The appeal from the intermediate order must be dismissed because the right of direct appeal therefrom terminated with the entry of judgment in the action (see, Matter of Aho, 39 NY2d 241, 248). The issues raised on appeal from the order *688are brought up for review and have been considered on the appeal from the judgment (CPLR 5501 [a] [1]).

In order to prevail in the present legal malpractice action, the plaintiff was required to prove (1) that the defendant attorney negligently failed to bring a strict products liability action against the manufacturer of the conveyor belt which was allegedly instrumental in causing the plaintiff’s injuries and (2) that if a strict products liability action had been brought, it would have resulted in his favor (see, Kerson Co. v Shayne, Dachs, Weiss, Kolbrenner, Levy & Levine, 45 NY2d 730, 732; Metrokane Imports v Kane, Dalsimer, Kane, Sullivan & Kurucz, 150 AD2d 153). The defendant testified that he decided not to commence a strict products liability action because there was nothing to indicate that the manufacturer was liable. We agree with the defendant’s assessment of the lack of merit of any liability claim for damages based upon a strict products liability theory.

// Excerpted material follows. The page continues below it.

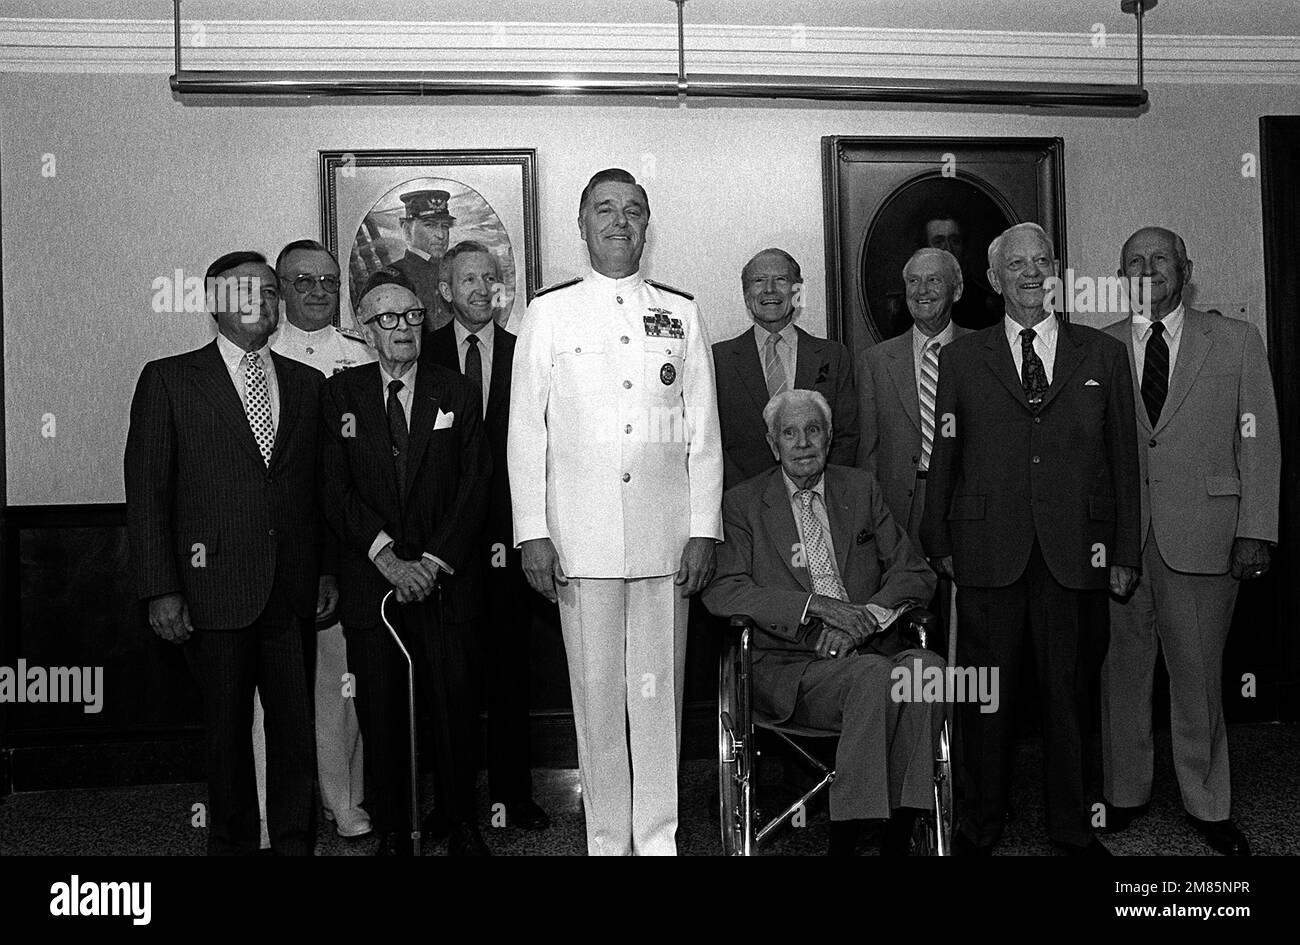 Ocho ex Jefes de Operaciones Navales (CNO) asisten a una ceremonia de dedicación y presentación de retratos en el Pentágono organizada por el actual almirante de la CNO James D. Watkins. Almirante Carlisle A.H. Trost, quien relevará a Watkins como CNO el 30 de junio, también asistirá a la ceremonia. Se muestran, de izquierda a derecha, James L. Holloway III, Trost, Robert B. Carney, Thomas B. Hayward, Watkins, George W. Anderson, (sentado), Elmo R. Zumwalt Jr., David L. McDonald, Arleigh A. Burke y Thomas H. Moorer. Base: Arlington Estado: Virginia (VA) País: Estados Unidos de América (USA) Foto de stock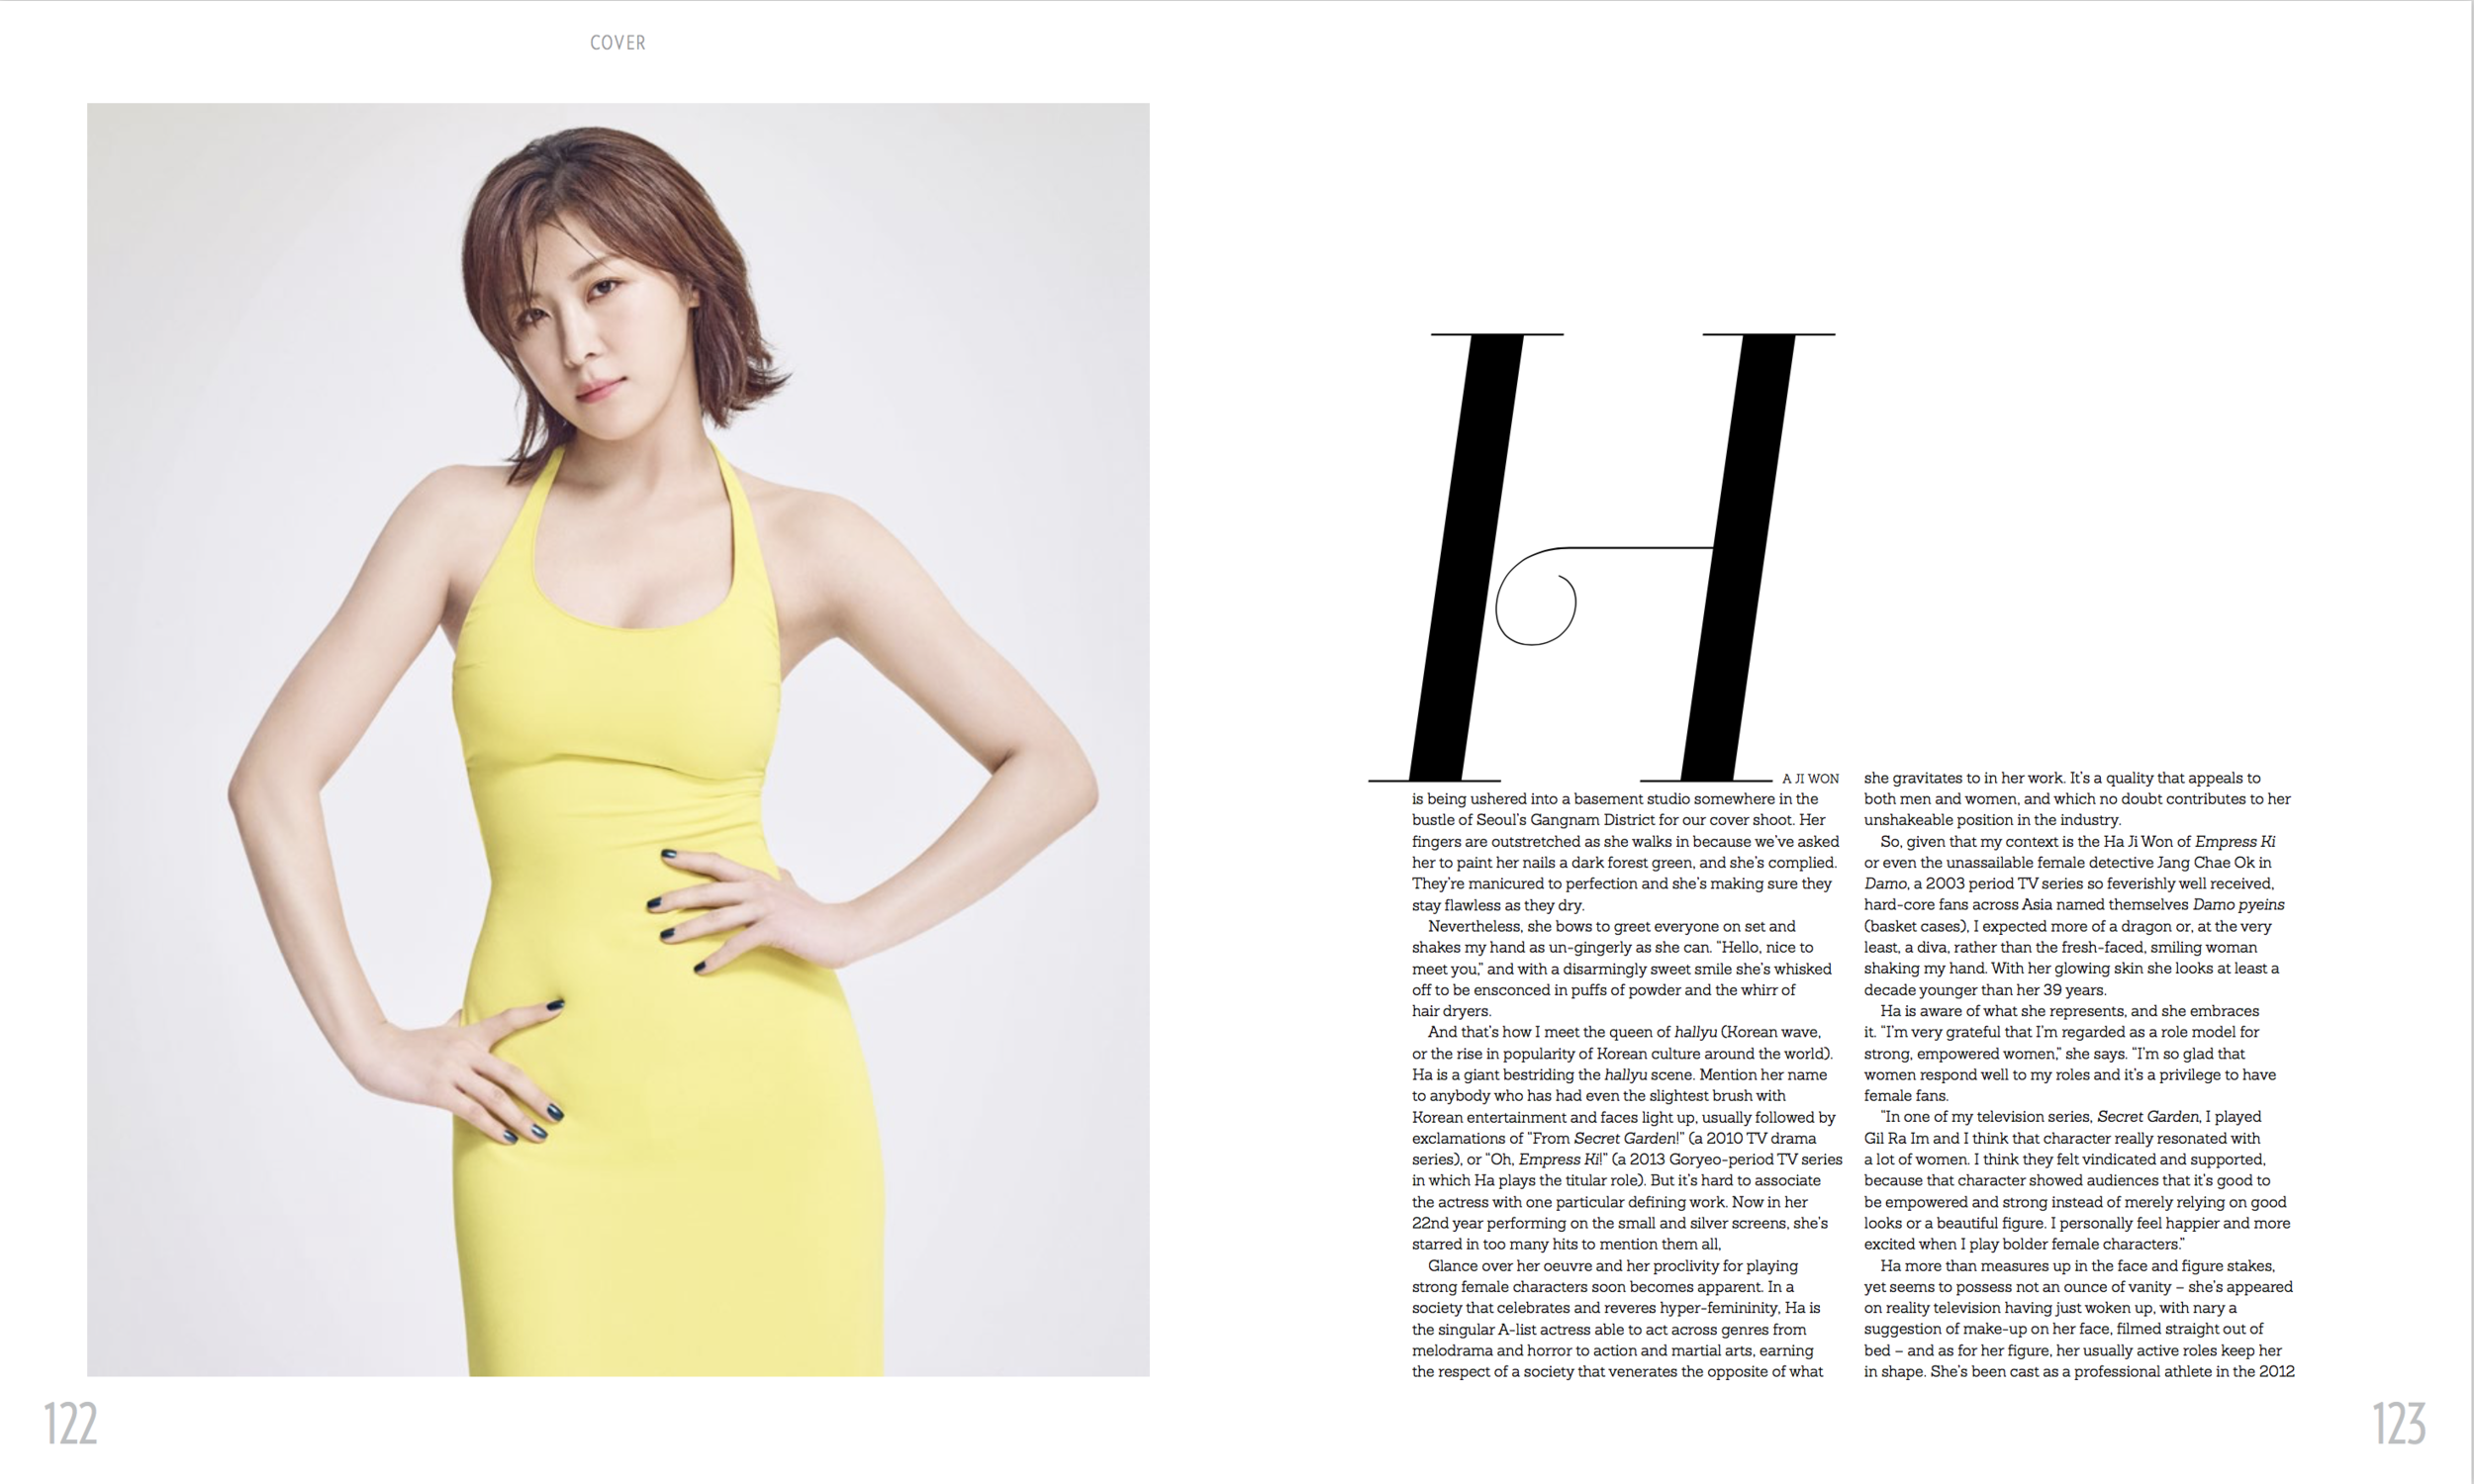 Ha Ji Won Prestige April Cover Story Zaneta Cheng 2:4.png

The record establishes that the conveyor belt in question had been altered subsequent to its manufacture, and that the accident would not have happened had this alteration not been made. Moreover, there is no proof from which a jury could reasonably infer that the conveyor belt was purposefully manufactured in order to facilitate the making of the alteration. Accordingly, the court should have dismissed the plaintiff’s complaint (see, Robinson v Reed-Prentice Div., 49 NY2d 471, 481; cf., Lopez v Precision Papers, 67 NY2d 871, 873, affg 107 AD2d 667). We find that the plaintiff’s proof was deficient in several other respects, which need not be discussed in light of the foregoing determination. Mangano, P. J., Thompson, Bracken and Balletta, JJ., concur.